【戯曲】「星空」液体猫
A 48歳男性
B 45歳男性
午前2時。星が満点の空。屋根に座っている一人のおじさん。
そこへ、コンビニの袋を持ったBが窓から屋根に出てくる。
A おー、なに。来たの?
B うん。仕事終わったから。
A そっか。わざわざありがとな。
B 大丈夫。(袋を掲げて)これ、好きでしょ
A おー、ありがと。
B、袋からビールとサンドイッチを取り出し、Aに渡す。
B,Aの隣に腰を下ろす。
A そのへん、鳥のうんこあったぞ。
B、慌てて立ち上がる。中腰のまま、スマホの懐中電灯にして座る場所を見ている。
B 早く言えよ、それ。オレ今スーツだぞ。
A、笑っている。座る場所を見つけたBは、ゆっくり座る。
A お前も飲むの?
B いや、俺はお茶飲むわ。

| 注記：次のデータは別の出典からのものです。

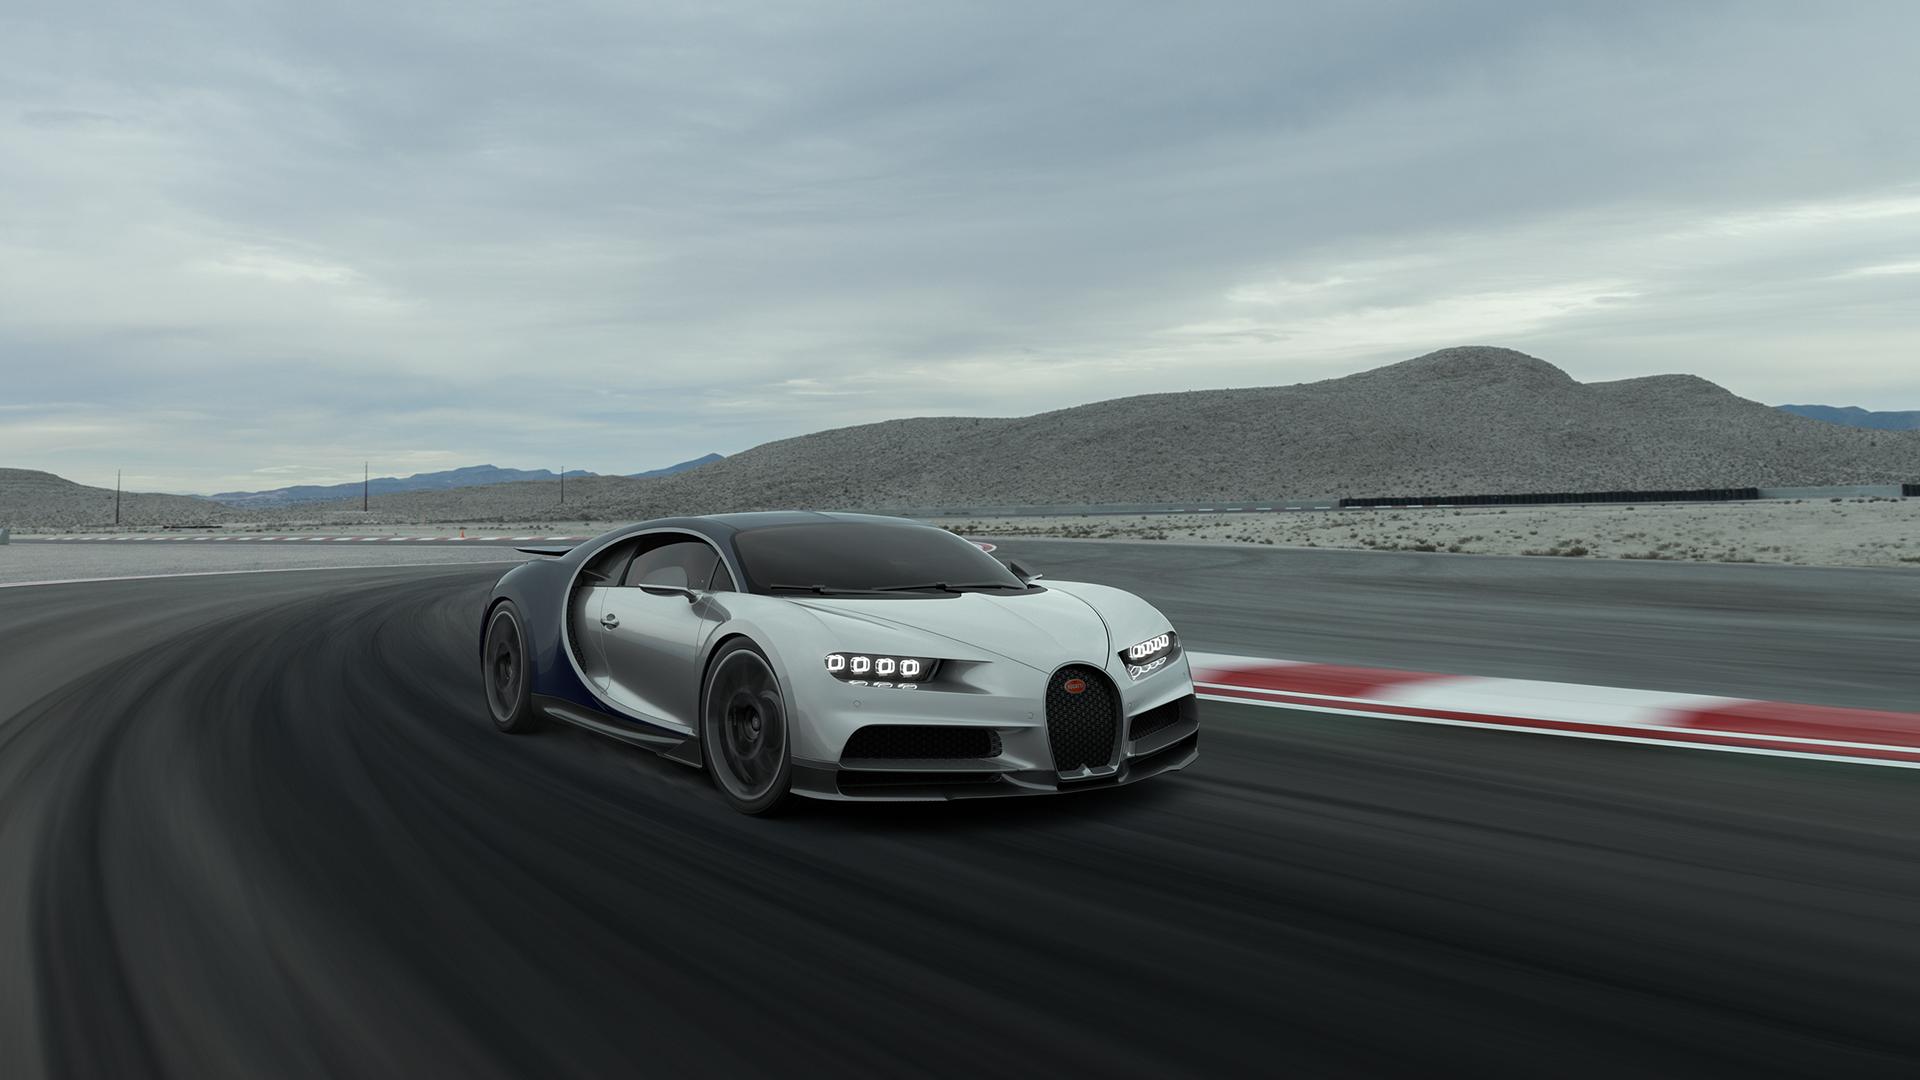 Bugatti Veyron Hd Wallpapers Yummytabs
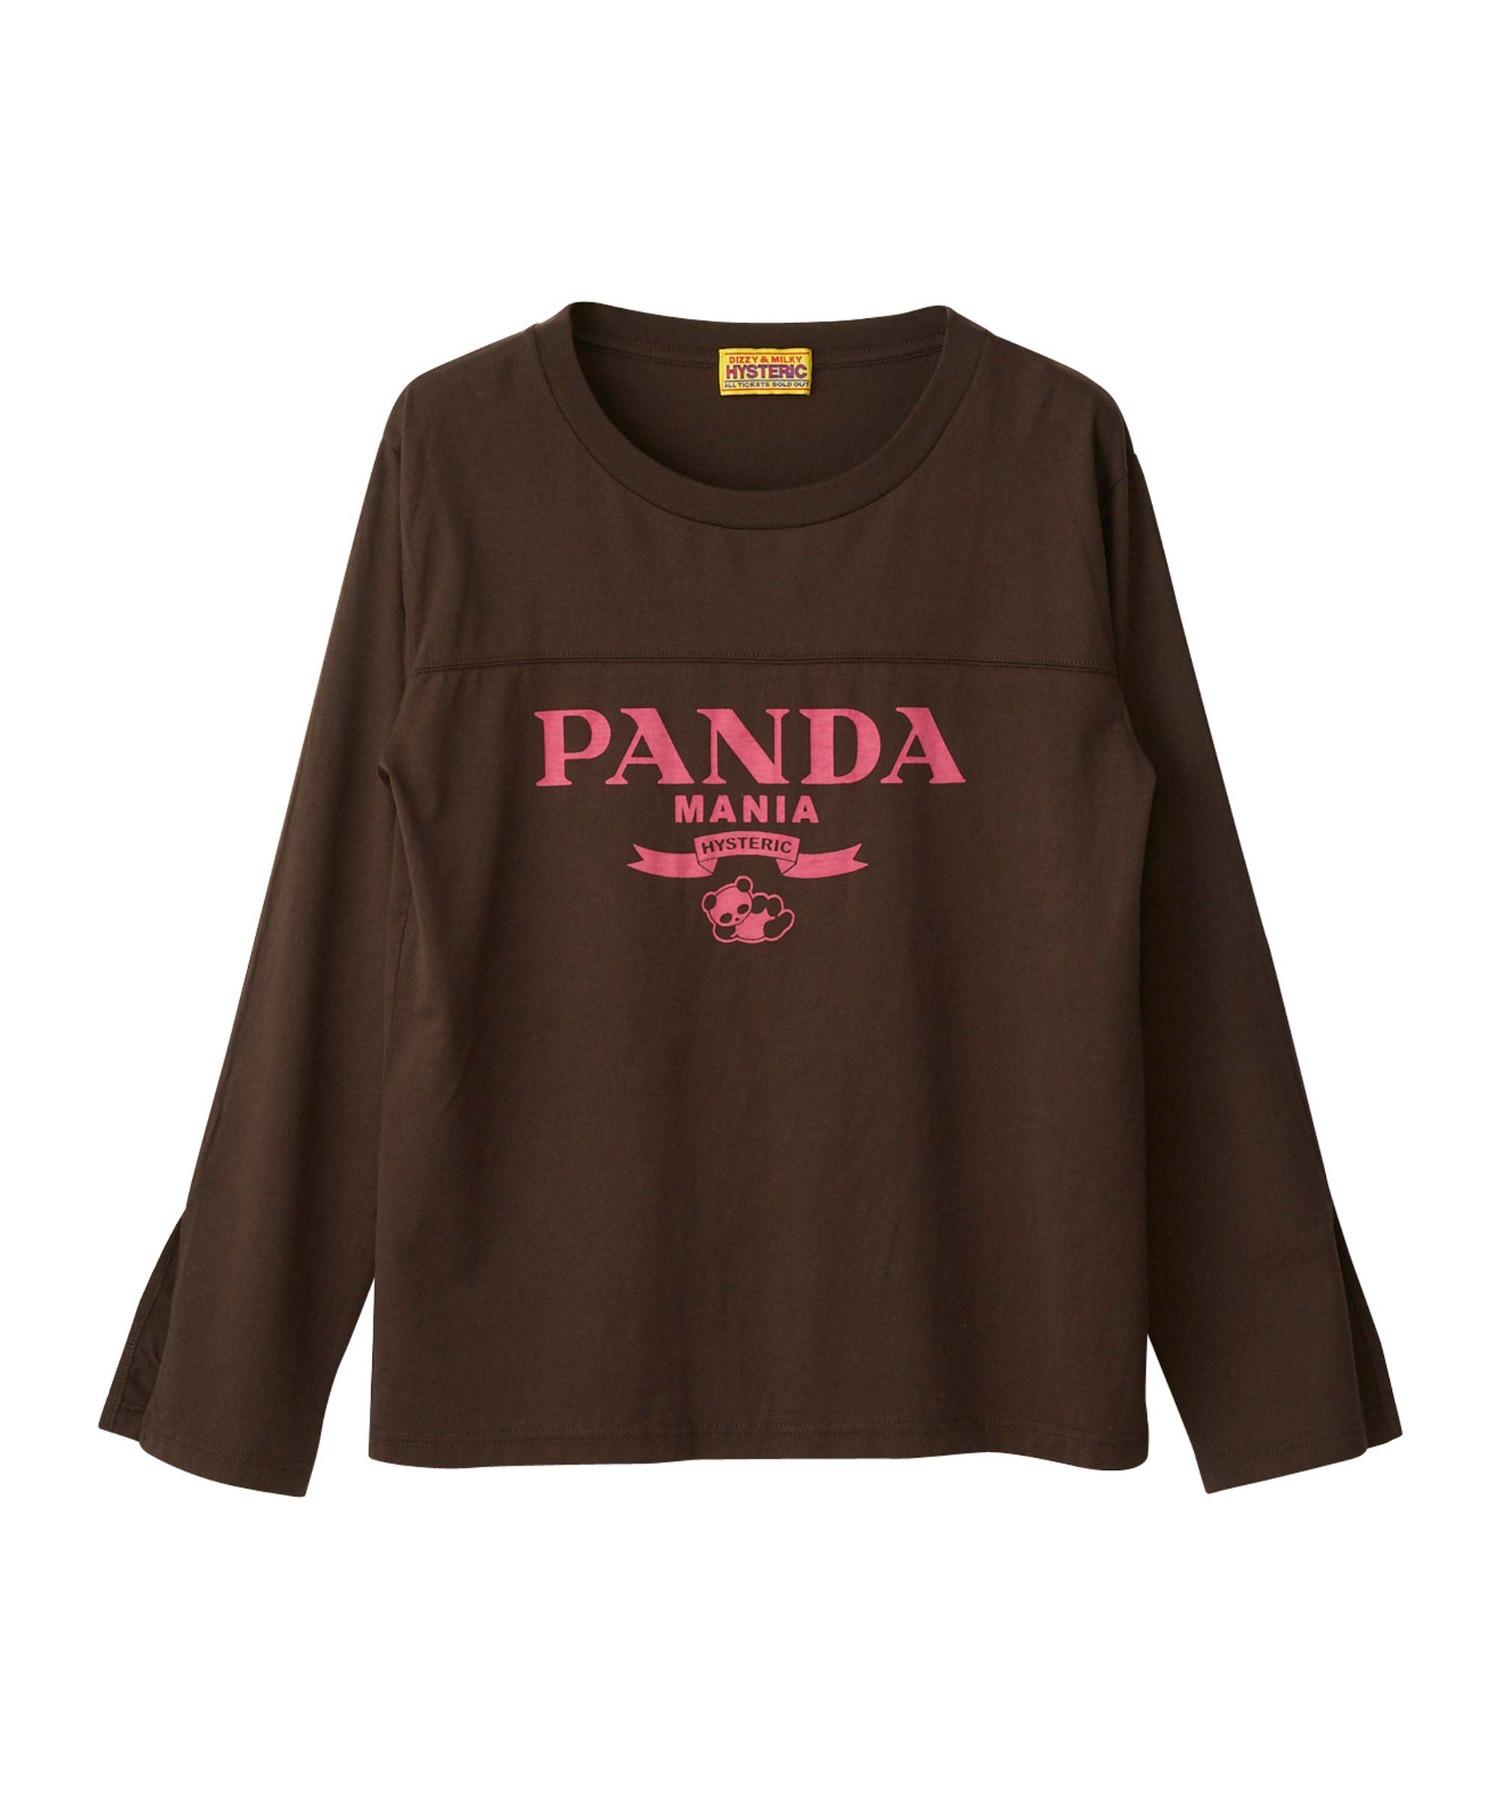 PANDA MANIA Tシャツ

メシこれからだから。
Aはビールを開け、Bはペットボトルをあけて乾杯する
Aはサンドイッチを、Bはかつ丼を食べる
A で?どうなの?仕事は。
B まーボチボチだよ。
A でも、忙しいんだろ。今日おばちゃんから聞いたけどさ。
B おかん来たの?
A うん。会ってねえの?
B 駅からタクシーで来たから。
A そっか。いや、おばちゃんがさ、お前忙しいって言ってたから今日来ねえと思ってたわ。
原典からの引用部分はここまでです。